KAPITAL uses two different valuation methods, based on the type of investment made in a SPV and the ongoing reporting on the Net Asset Value ("NAV").
- For direct private company stocks, where fluctuation in valuation is difficult to assess in between financing rounds; KAPITAL uses the Luxembourg Generally Accepted Accounting Principles ("LUX GAAP") method at-cost and with impairment.
- For VC/PE Fund investments or real-estate investments, the valuation is prepared in accordance with International Financial Reporting Standards ("IFRS") as adopted by the European Union and prepared by a professional accounting firm registered with the Financial Sector Supervisory Commission ("CSSF") in Luxembourg as Professional of the Financial Sector ("PSF").
How are currency exchange handled?
Generally, currency exchange are handled by the bank of the subscribing Investor. For each transaction, assets and liabilities denominated in currencies other than the base currency of each investment are translated into the base currency at the exchange rate prevailing at the transaction date.
What document will KAPITAL provide for my annual tax return?
KAPITAL provides an annual statement on the status of each investors portfolio at year end. This statement will include for each investment made:
- The date of investment;
- The amount invested;
- The name of the underlying asset;
- The type of underlying asset;
- The % ownership within each specific SPV;
- Any change in the asset valuation at year end;
How should I report my investments as part of my annual tax return?
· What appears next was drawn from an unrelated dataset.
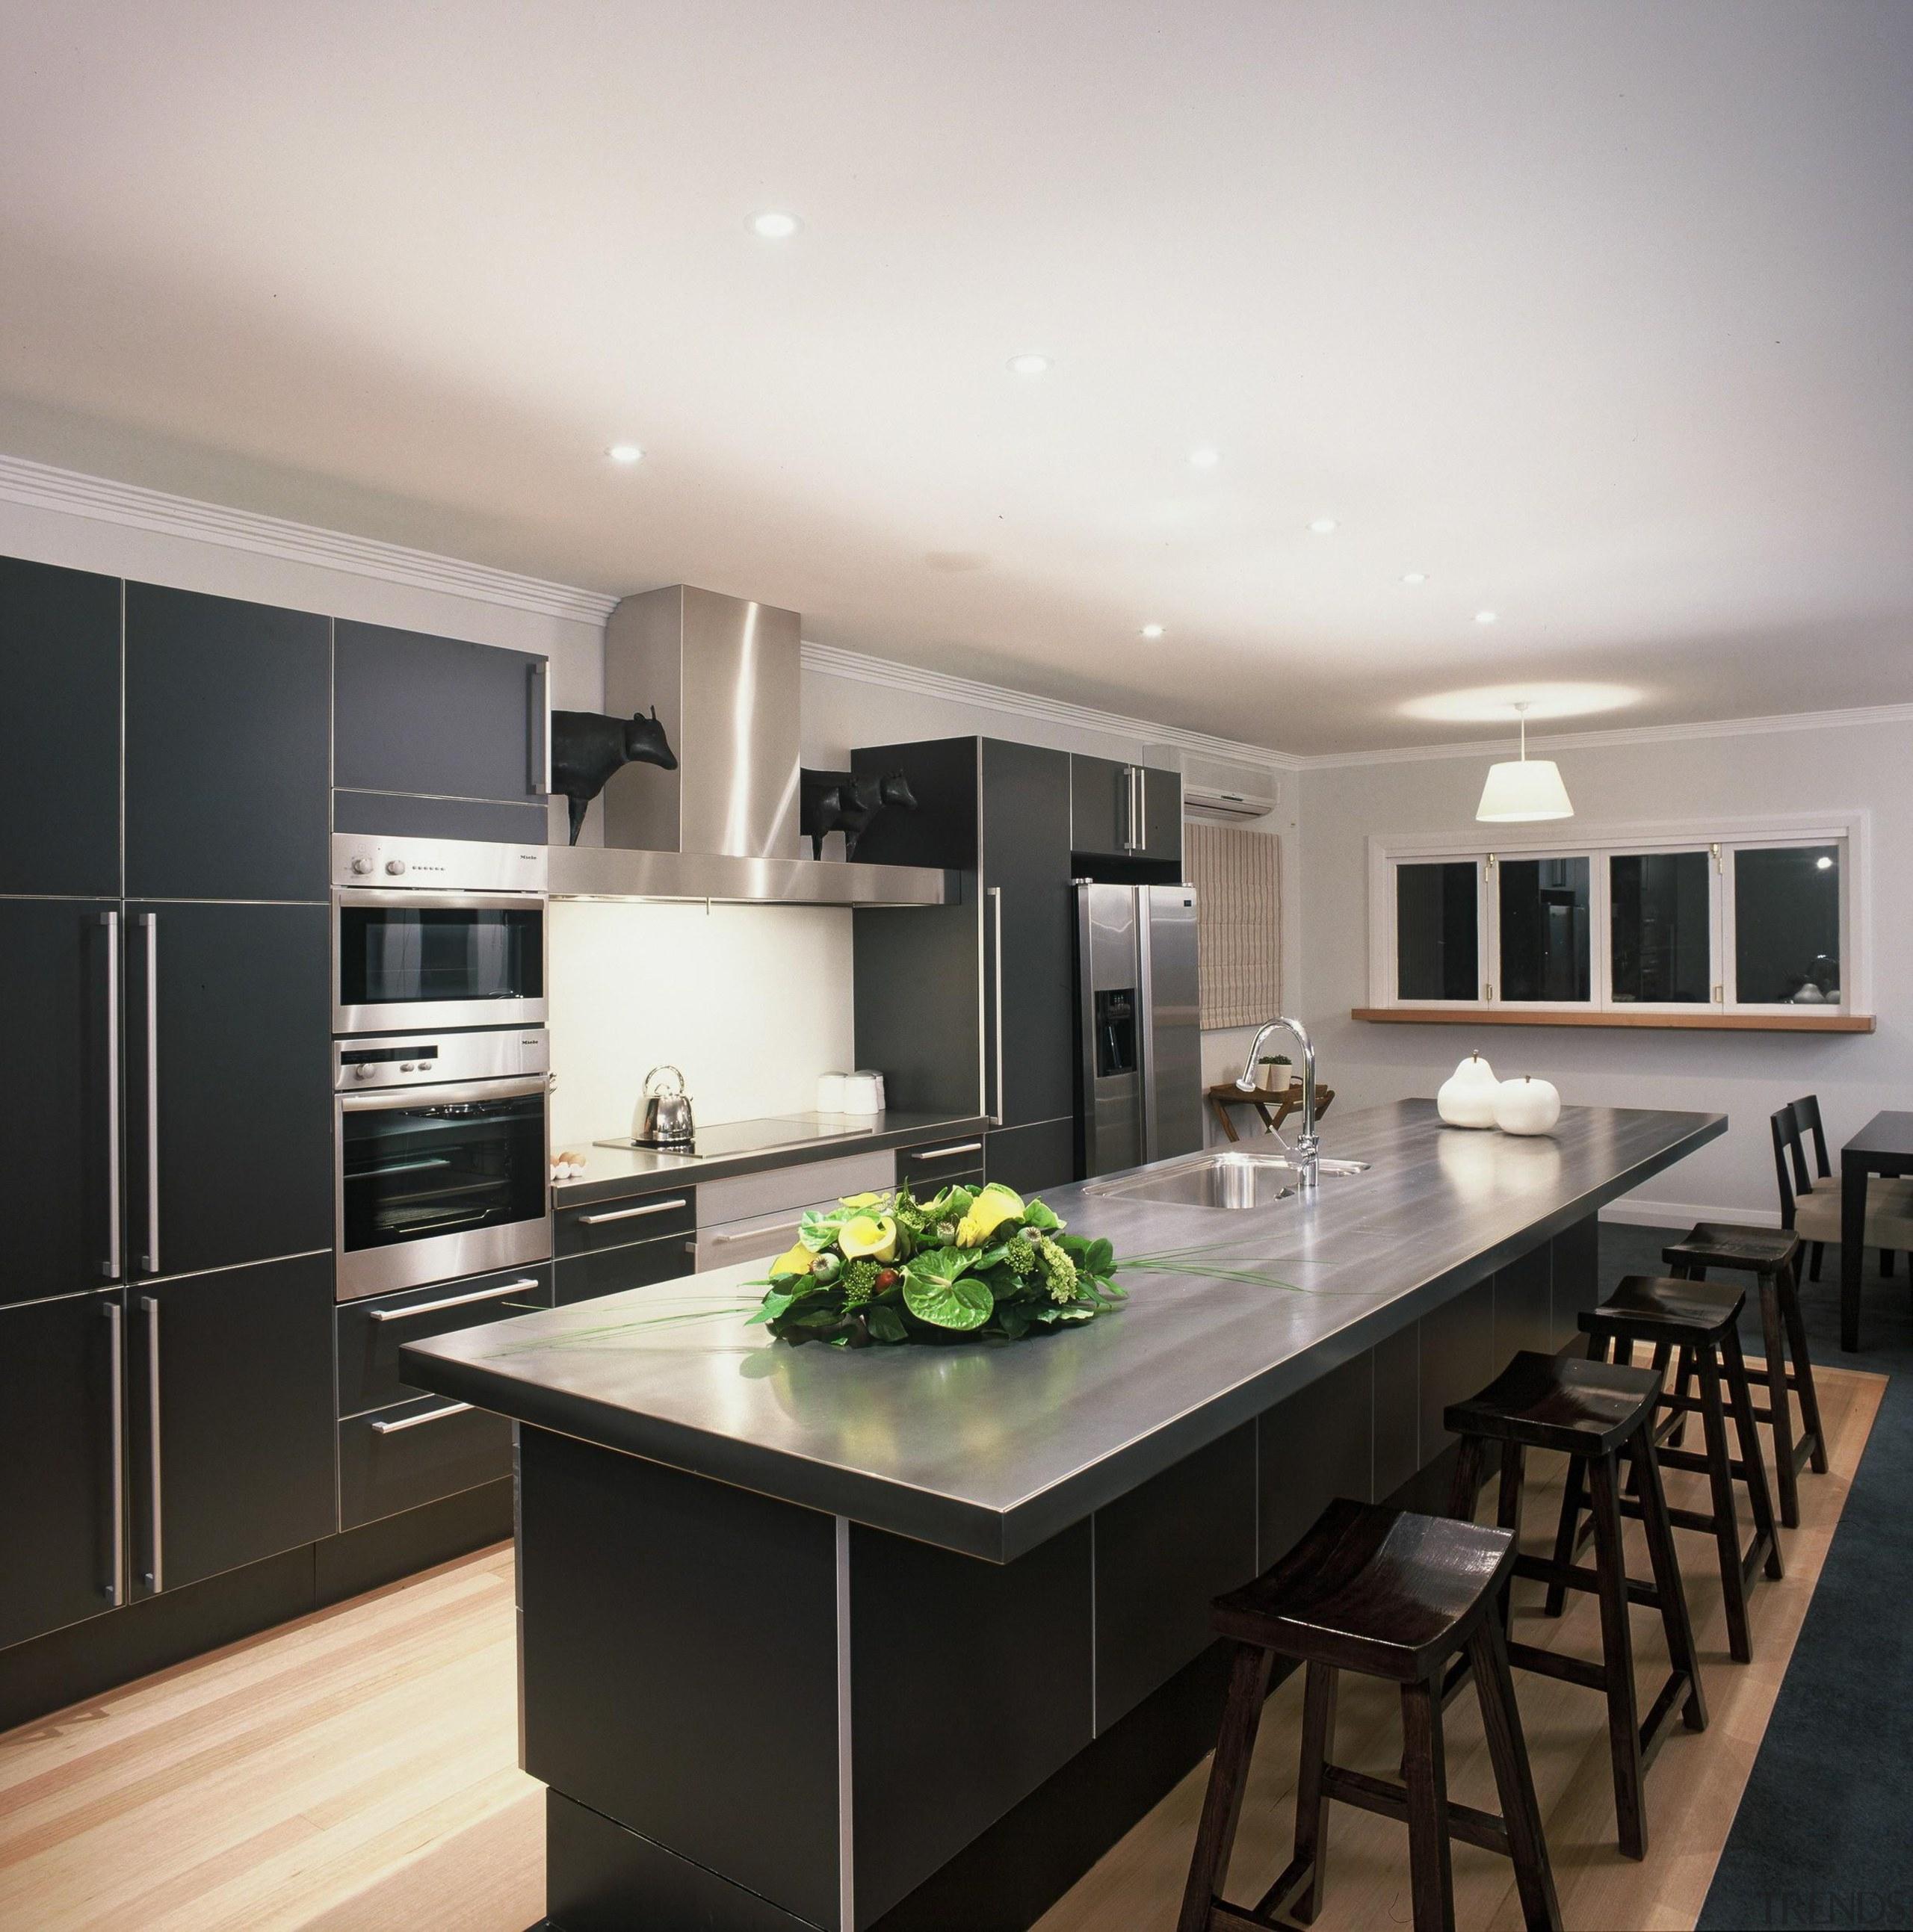 Woburn Kitchen - Woburn Kitchen - cabinetry | cabinetry, countertop, cuisine classique, interior design, kitchen, gray, black

KAPITAL cannot provide tax or legal advice. Instead, we provide investors with a standardised annual statement (see above) which investors can share with their own accountant in order to prepare their tax return.
Please note that the taxation of an investment might vary based on the underlying asset you're investing into; therefore it is always recommended to seek independent professional opinion before investing or when deemed necessary.